HOW TO COMPLETE THIS TASK: Give the count of lines in the records below that contain "Image", with no other words.

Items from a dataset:

───

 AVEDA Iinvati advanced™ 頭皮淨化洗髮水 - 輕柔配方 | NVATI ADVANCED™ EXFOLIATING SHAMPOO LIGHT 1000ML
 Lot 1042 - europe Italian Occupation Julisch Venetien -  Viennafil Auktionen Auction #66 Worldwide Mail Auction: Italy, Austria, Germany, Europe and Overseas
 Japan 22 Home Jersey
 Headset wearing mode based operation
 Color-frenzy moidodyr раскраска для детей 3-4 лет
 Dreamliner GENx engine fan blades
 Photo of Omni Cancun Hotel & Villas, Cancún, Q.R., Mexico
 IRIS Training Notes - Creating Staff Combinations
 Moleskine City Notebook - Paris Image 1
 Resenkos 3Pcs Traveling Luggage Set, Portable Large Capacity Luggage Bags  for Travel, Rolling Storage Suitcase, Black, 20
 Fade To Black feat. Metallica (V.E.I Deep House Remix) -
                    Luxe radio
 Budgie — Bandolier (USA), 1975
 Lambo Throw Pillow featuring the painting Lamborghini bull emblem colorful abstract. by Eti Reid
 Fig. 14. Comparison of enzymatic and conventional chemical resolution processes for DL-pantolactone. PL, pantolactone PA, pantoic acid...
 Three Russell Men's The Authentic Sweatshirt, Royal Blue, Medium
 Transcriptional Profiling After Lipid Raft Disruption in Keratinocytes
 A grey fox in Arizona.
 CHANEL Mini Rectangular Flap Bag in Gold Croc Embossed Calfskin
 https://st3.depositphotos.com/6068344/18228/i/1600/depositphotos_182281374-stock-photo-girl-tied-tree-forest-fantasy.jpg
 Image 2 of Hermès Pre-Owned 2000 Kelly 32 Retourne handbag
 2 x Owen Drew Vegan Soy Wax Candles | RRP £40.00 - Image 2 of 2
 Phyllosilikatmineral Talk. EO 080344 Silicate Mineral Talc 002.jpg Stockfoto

───

YOUR RESPONSE: 3